**What the task requires**
Read through the data, and wherever a line holds the word "High", write that line out.

--- Data under study Enclosed Below ---

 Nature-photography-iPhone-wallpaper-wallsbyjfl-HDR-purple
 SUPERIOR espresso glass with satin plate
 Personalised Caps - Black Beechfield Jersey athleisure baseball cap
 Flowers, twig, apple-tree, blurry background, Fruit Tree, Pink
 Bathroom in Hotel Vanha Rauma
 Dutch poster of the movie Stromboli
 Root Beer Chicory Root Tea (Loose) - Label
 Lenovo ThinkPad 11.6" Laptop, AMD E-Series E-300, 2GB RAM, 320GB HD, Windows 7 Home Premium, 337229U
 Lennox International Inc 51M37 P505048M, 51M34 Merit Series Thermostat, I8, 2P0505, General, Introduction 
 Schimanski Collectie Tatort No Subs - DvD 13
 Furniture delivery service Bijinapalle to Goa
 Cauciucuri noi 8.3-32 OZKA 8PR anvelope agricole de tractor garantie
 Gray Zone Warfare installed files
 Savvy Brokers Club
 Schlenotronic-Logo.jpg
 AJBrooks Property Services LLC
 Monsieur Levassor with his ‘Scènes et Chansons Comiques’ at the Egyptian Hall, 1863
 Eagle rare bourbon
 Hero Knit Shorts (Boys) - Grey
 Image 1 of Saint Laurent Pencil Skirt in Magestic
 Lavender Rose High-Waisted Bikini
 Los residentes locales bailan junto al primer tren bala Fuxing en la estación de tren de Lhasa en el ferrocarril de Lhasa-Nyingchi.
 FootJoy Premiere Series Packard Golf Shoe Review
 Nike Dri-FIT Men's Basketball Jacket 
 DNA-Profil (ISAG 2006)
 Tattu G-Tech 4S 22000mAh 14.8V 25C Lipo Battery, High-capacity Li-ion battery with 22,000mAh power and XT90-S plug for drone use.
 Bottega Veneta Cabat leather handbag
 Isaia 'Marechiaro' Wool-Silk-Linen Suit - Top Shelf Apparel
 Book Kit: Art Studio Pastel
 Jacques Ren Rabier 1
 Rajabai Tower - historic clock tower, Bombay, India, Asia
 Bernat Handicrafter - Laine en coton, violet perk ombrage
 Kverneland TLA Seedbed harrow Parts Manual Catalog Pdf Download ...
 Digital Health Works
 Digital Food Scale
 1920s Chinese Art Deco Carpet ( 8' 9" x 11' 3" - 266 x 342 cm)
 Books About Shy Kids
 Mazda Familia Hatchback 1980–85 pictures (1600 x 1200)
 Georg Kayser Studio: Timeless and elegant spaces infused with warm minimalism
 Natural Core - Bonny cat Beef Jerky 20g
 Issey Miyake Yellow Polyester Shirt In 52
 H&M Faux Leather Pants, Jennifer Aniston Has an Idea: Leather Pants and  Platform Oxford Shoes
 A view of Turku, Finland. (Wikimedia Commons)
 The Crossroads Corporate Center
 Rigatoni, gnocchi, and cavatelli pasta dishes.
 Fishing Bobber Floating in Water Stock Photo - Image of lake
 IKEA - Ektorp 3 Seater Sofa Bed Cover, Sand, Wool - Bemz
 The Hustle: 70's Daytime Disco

--- End of Enclosed Data under study ---

**The completed task**
 Lavender Rose High-Waisted Bikini
 Tattu G-Tech 4S 22000mAh 14.8V 25C Lipo Battery, High-capacity Li-ion battery with 22,000mAh power and XT90-S plug for drone use.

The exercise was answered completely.